Qantas Airbus A380s return to the skies

After being grounded for almost two years, the Qantas superjumbos soar once more.

By David Flynn, January 11 2022
Qantas Airbus A380s return to the skies

Almost two years after Qantas grounded its 12-strong superjumbo fleet at the start of the pandemic, the A380s are taking to the skies again.

This week – indeed, today, Tuesday January 11 – sees the double-decker jet return to the Sydney-Los Angeles service.

It will initially feature three days a week on this flagship route (flying as QF11 on Tuesdays, Thursdays and Sundays), alongside one weekly Boeing 787 service (on Saturdays).

The frequency of those flights, and the number of 'A380 days', is expected to steadily increase as more superjumbos come back and once Queensland relaxes its strict quarantine rules which require Qantas' 70-odd Brisbane-based Boeing 787 pilots to undergo 14 days isolation after each international service, which prevents them from being fully utilised for other international flights.

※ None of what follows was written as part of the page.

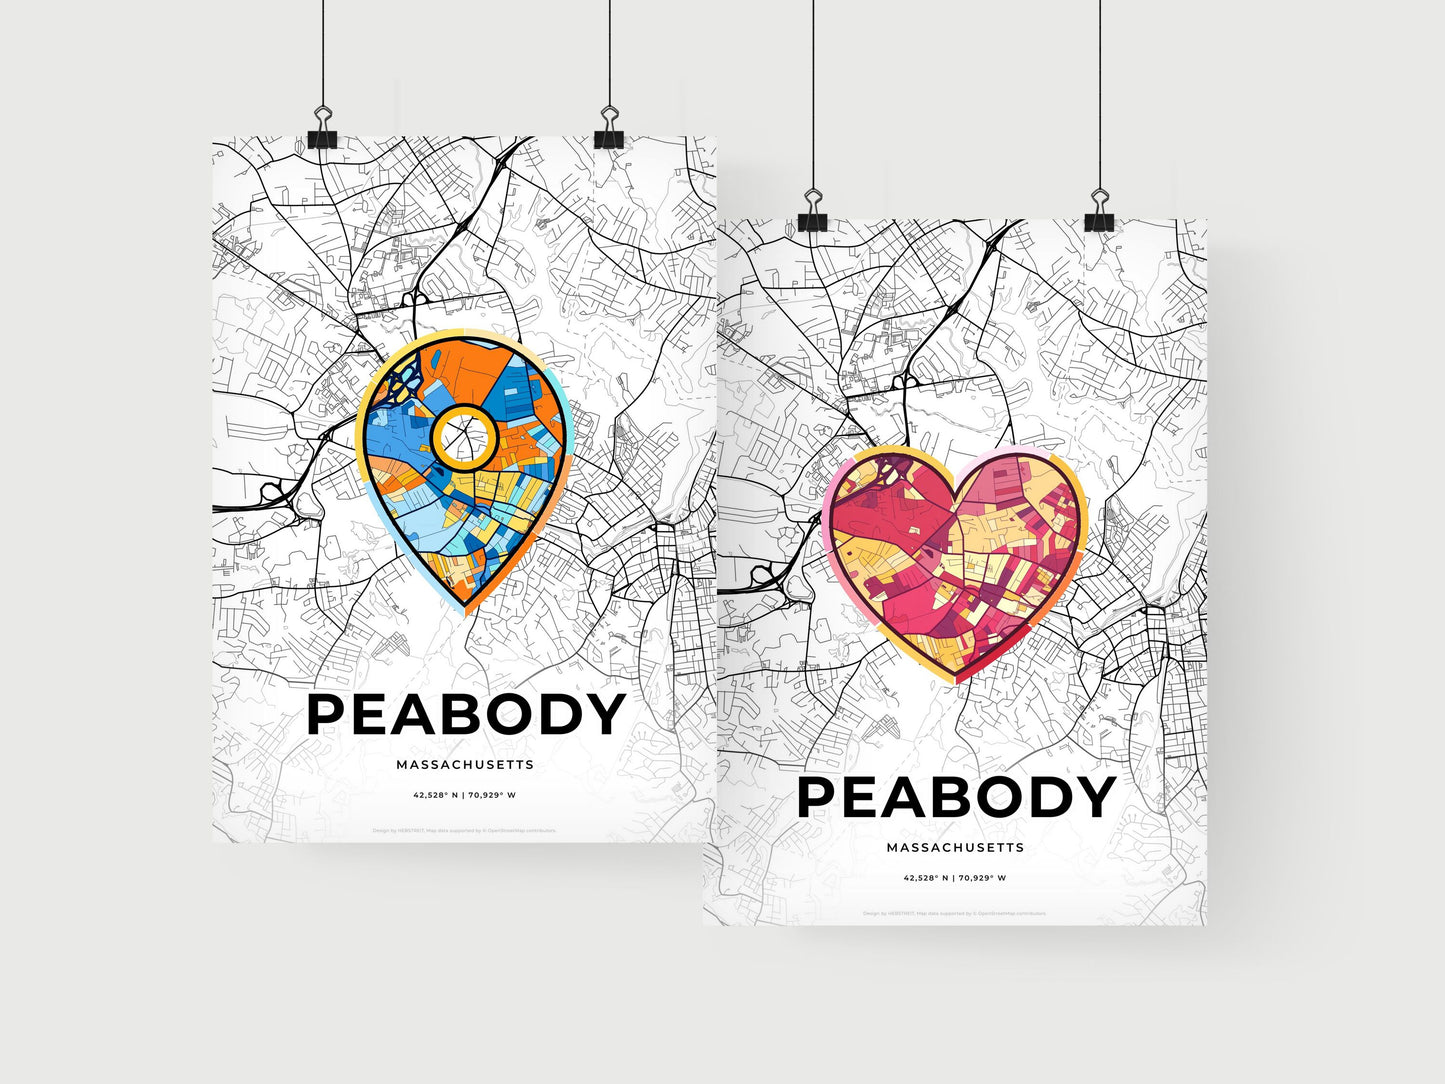 PEABODY MASSACHUSETTS minimal art map with a colorful icon.
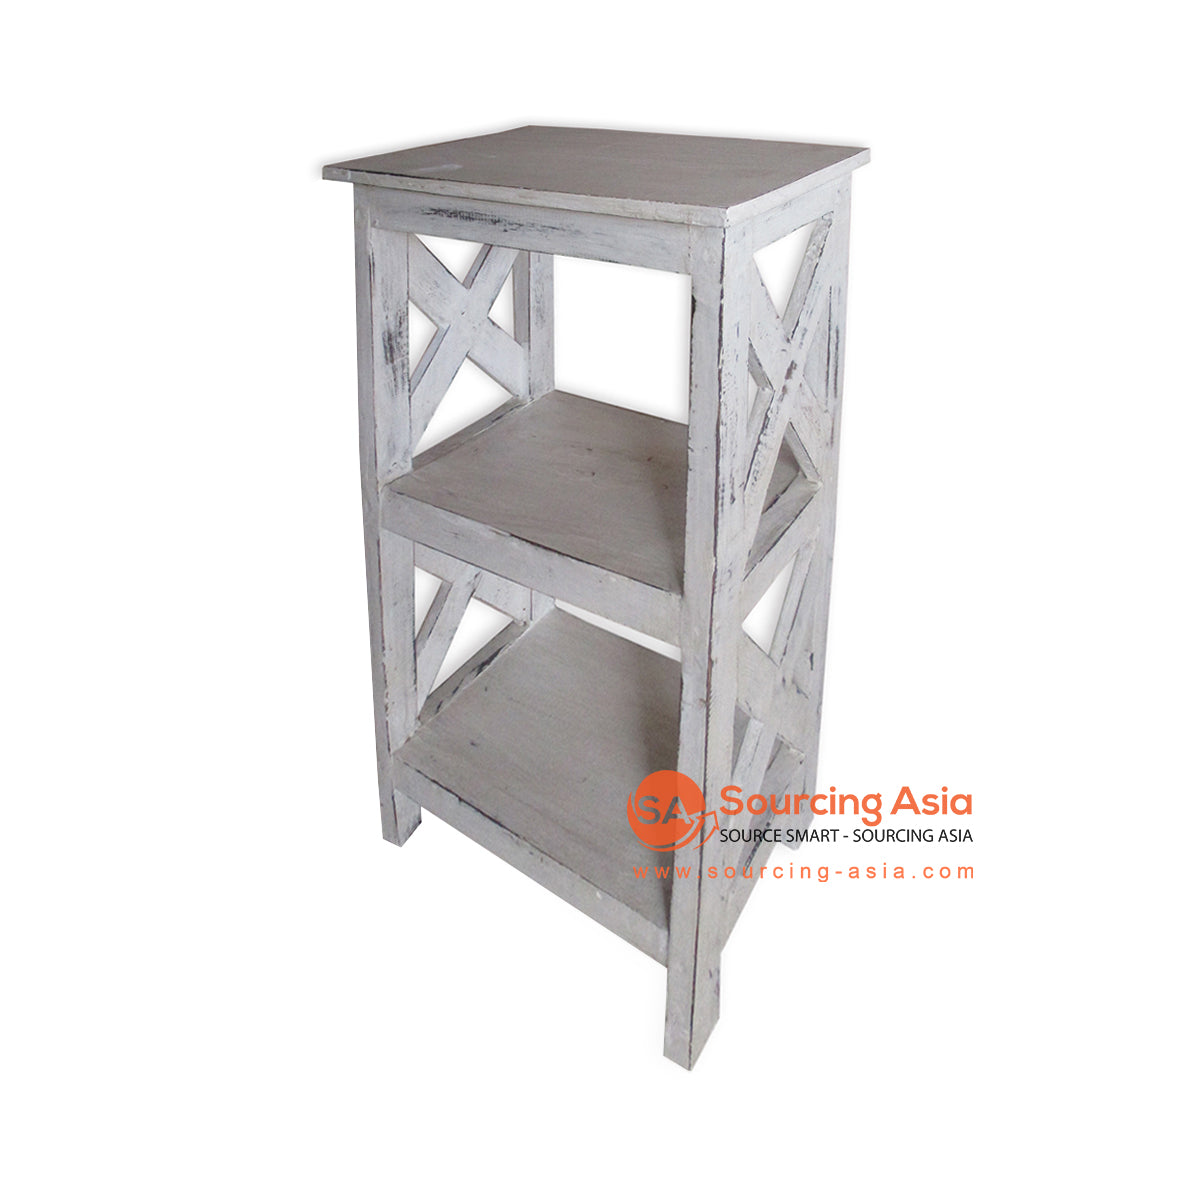 THE147WW WHITE WASH WOODEN BOOK RACK WITH TWO SHELVES

Qantas brought one Airbus A380 out of storage in November for crew training, with a Qantas spokesperson adding this also gave the airline "some flexibility over the busy summer holiday period if we needed it".

And when that need eventuated due to Queensland's 14-day isolation periods, "having the aircraft and the crew ready to go means we're able to plug some of the gap created by having so many 787 pilots stuck with quarantine rules."

A second red-tailed A380 arrived back at Sydney over the weekend, and more will follow ahead of the upgrading of Sydney-Singapore-London to an A380 from June 19.

"The A380 is a favourite among our customers and our employees and it will be fantastic to see it back in the sky again months ahead of schedule." Qantas says.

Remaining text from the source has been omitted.